Alekseev took part in technical rehearsals on 29 April and 3 May, followed by dress rehearsals on 7 and 8 May. This included the jury show on 7 May where the professional juries of each country watched and voted on the competing entries.

The Belarusian performance featured Alekseev wearing a white shirt and black trousers, performing on stage together with a ballet dancer who wore a full length red Flamenco inspired dress. The performance began with Alekseev on a platform while singing to a red rose which he then presented to the camera. The rose was then handed to the dancer who fired it back through Alekseev's hand with a bow. The platform was later raised up from the stage, and was concluded with Alekseev turning his back showing a rose injury. The dancer that joined Alekseev was Yulia Zima-Blazhkiv, while the singer was also joined by four off-stage backing vocalists: Anna Kilchenko, Anyanya Udongwo, Valeriya Khomenko and Vilen Kilchenko.

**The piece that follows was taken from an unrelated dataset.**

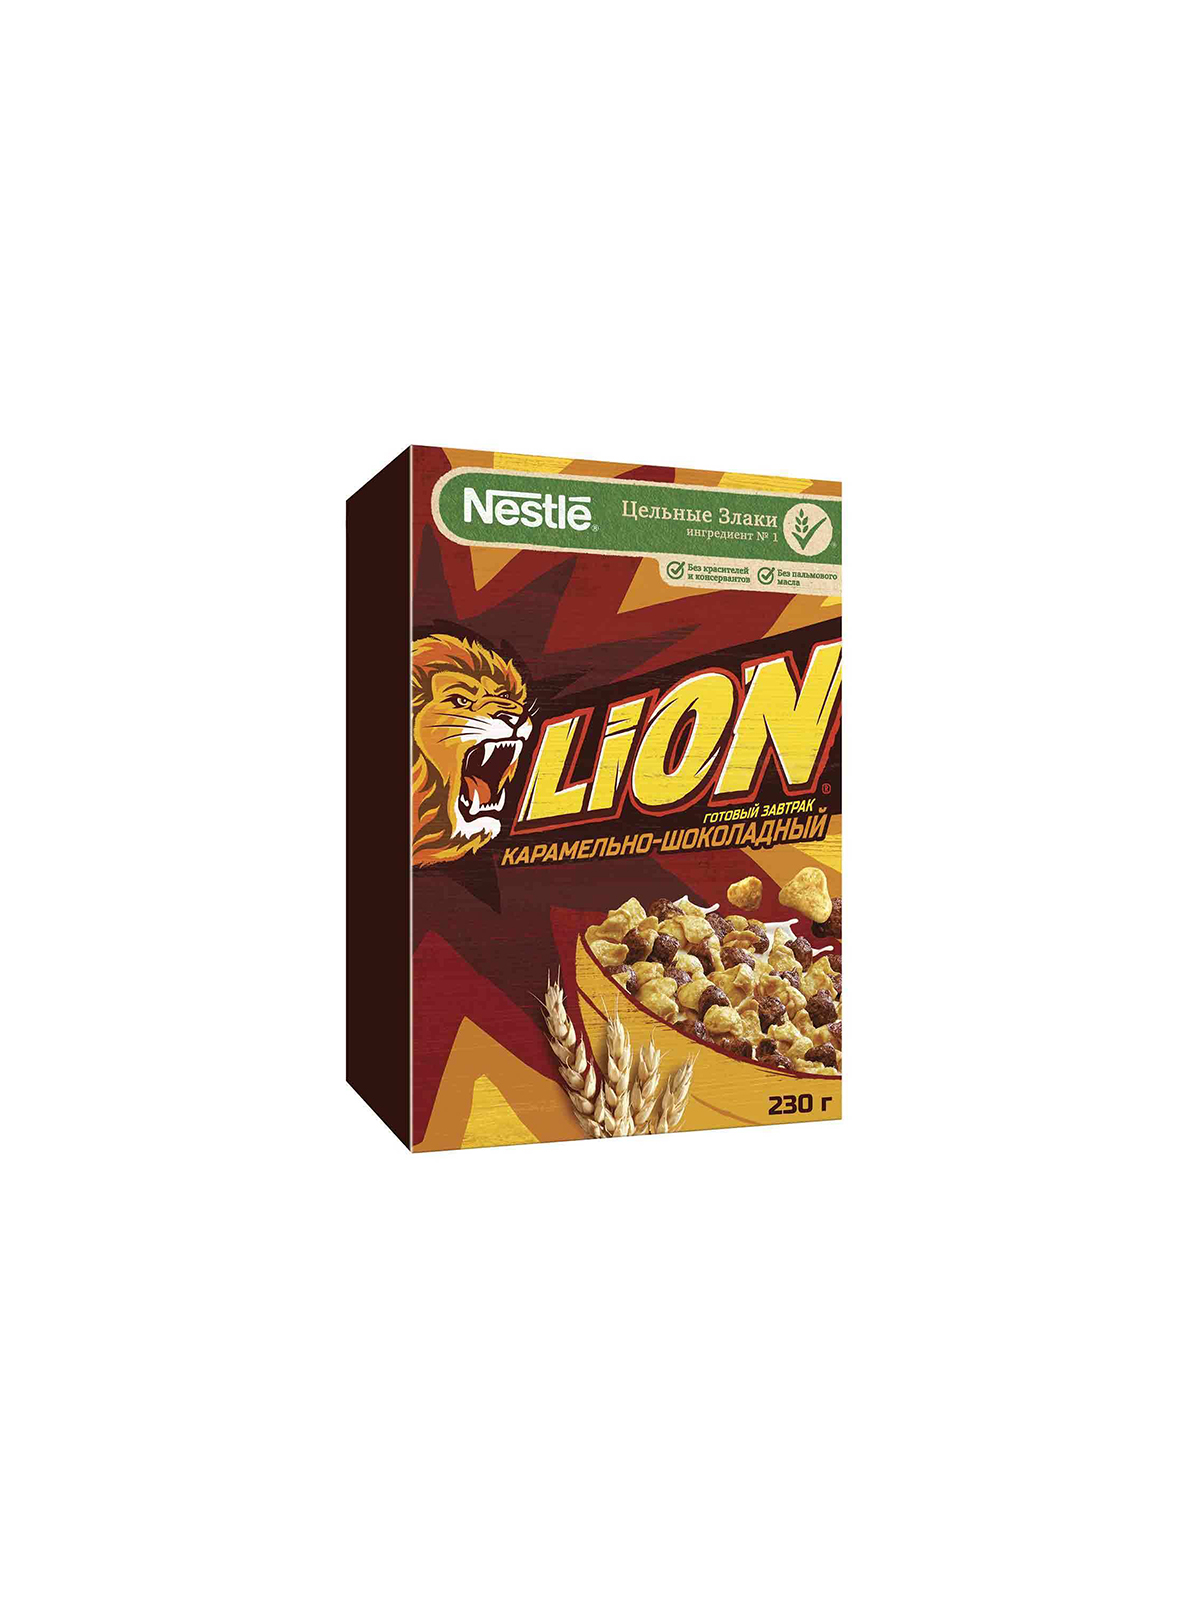 Lion Готовый завтрак 230г

At the end of the show, Belarus was not announced among the top 10 entries in the first semi-final and therefore failed to qualify to compete in the final. It was later revealed that Belarus placed sixteenth in the semi-final, receiving a total of 65 points: 45 points from the televoting and 20 points from the juries.

===Voting===
Voting during the three shows involved each country awarding two sets of points from 1-8, 10 and 12: one from their professional jury and the other from televoting. Each nation's jury consisted of five music industry professionals who are citizens of the country they represent, with their names published before the contest to ensure transparency. This jury judged each entry based on: vocal capacity; the stage performance; the song's composition and originality; and the overall impression by the act. In addition, no member of a national jury was permitted to be related in any way to any of the competing acts in such a way that they cannot vote impartially and independently. The individual rankings of each jury member as well as the nation's televoting results were released shortly after the grand final.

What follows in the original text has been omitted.